Après la mort du père Jacques Gravier, en 1708, les relations avec la tribu des Péorias étaient devenues de plus en plus tendues et il avait fallu fermer la mission. Informés que la tribu se repentait, Marest et ses confrères, Jean Mermet et Jean-Marie de Villes, décidèrent que le temps était venu de « remettre la mission sur son ancien pied » ; le père Marest comptait en discuter avec son supérieur, le père Joseph-Jacques Marest, à l’occasion d’une visite à Michillimakinac.
Il partit donc, en 1711, le vendredi de la semaine de Pâques, en compagnie de plusieurs Indiens qui l’entourèrent de soins attentifs tout au long du voyage. Il passa une quinzaine au village des Péorias, puis, empruntant la rivière Saint-Joseph, il atteignit la mission des Potéouatamis que dirigeait le père Jean Chardon. Marest y retrouva son frère Joseph, venu à sa rencontre ; ils ne s’étaient pas vus depuis 15 ans. Le père Chardon s’associa à leur joie et les garda avec lui une semaine avant qu’ils ne partent en canot pour Michillimakinac. Il fallut près de deux mois pour régler « l’affaire » sur laquelle le père Marest n’a toutefois laissé aucun commentaire.
Au cours du voyage de retour, Marest passa deux semaines avec le père Chardon puis fit de nouveau halte au village des Péorias où il reçut un accueil tumultueux. Il était de retour à Kaskaskia le 10 septembre. Il y rédigea, à l’intention d’un confrère jésuite, le père Barthélemi Germon, un compte rendu détaillé de ses pérégrinations, s’attardant à parler de l’isolement du Nouveau Monde où « notre vie se passe à parcourir d’épaisses forêts, à grimper sur les montagnes, à traverser en canot ».

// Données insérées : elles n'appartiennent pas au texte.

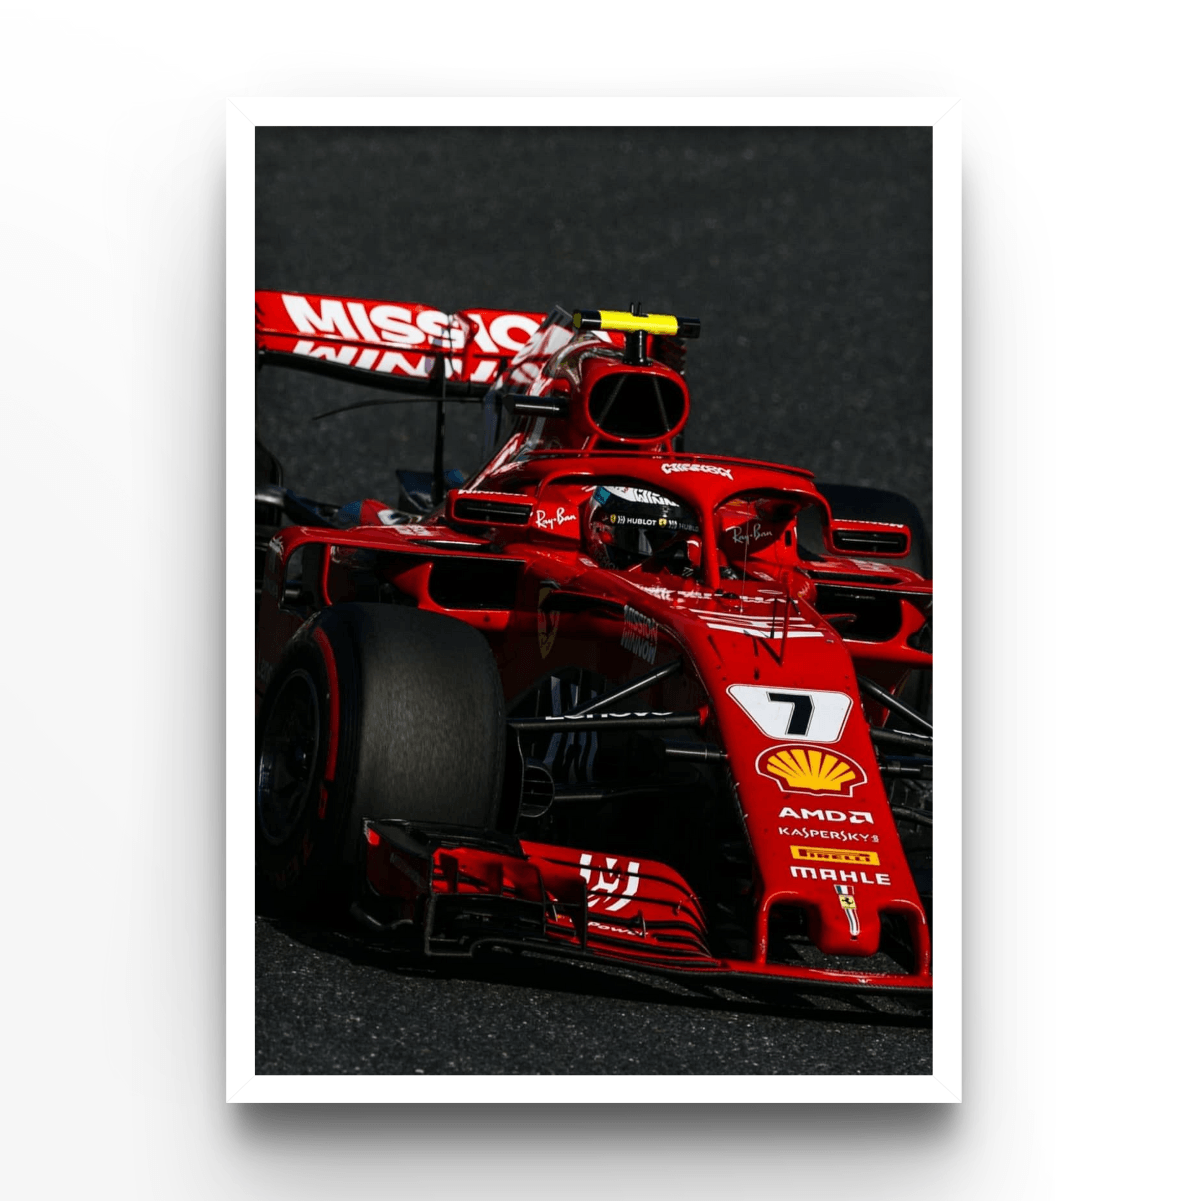 Kimi Räikkönen 1 - A4, A3, A2 Posters Base - Poster Print Shop / Art Prints / PostersBase
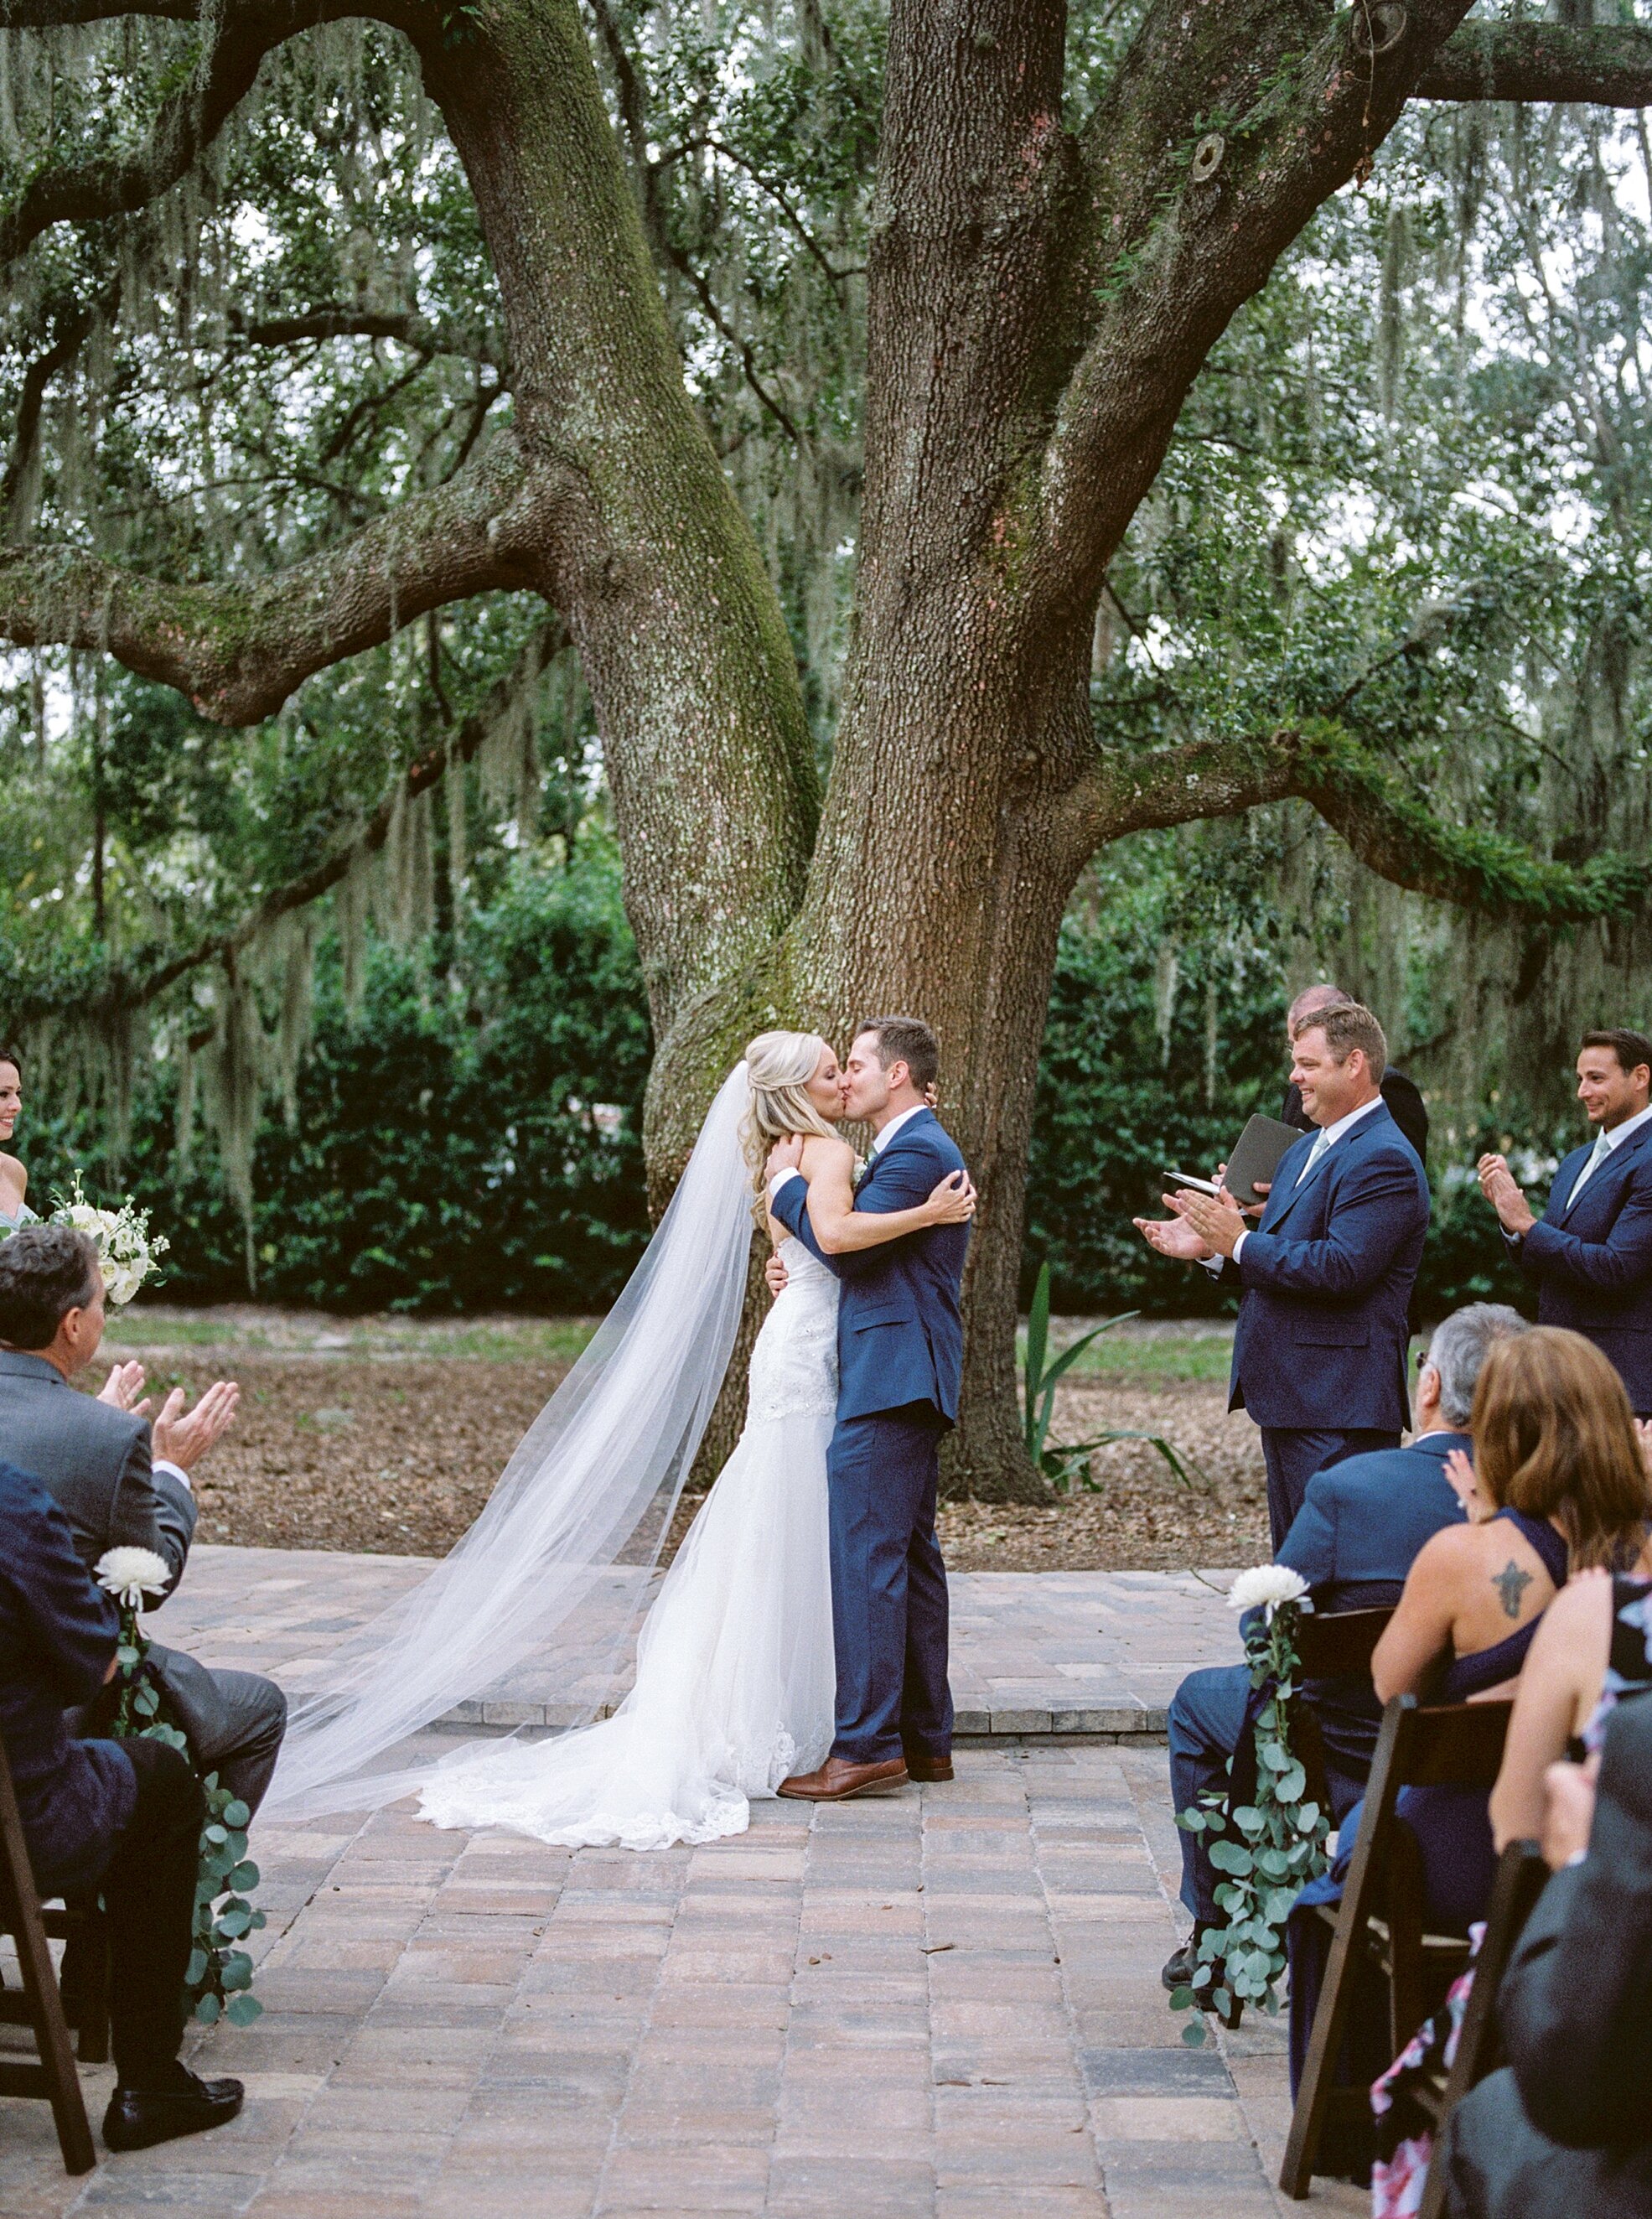 Lisa Silva Photography- Jacksonville, St. Augustine, Ponte Vedra Beach, Amelia Island, Florida Fine Art Film Wedding Photography- Wedding at Bowing Oaks Plantation_0042.jpg

L’évangélisation des sauvages est très difficile, écrit Marest : ils sont indolents, perfides, changeants, enclins au vol mais, reconnaît-il, non dépourvus d’intelligence, « naturellement curieux », et capables de tourner une « raillerie d’une manière assez ingénieuse ». Presque tous les habitants du village de Kaskaskia sont chrétiens, note-t-il ; le poste a grandi, plusieurs Français y ont été attirés et quelques-uns d’entre eux ont épousé des femmes illinoises.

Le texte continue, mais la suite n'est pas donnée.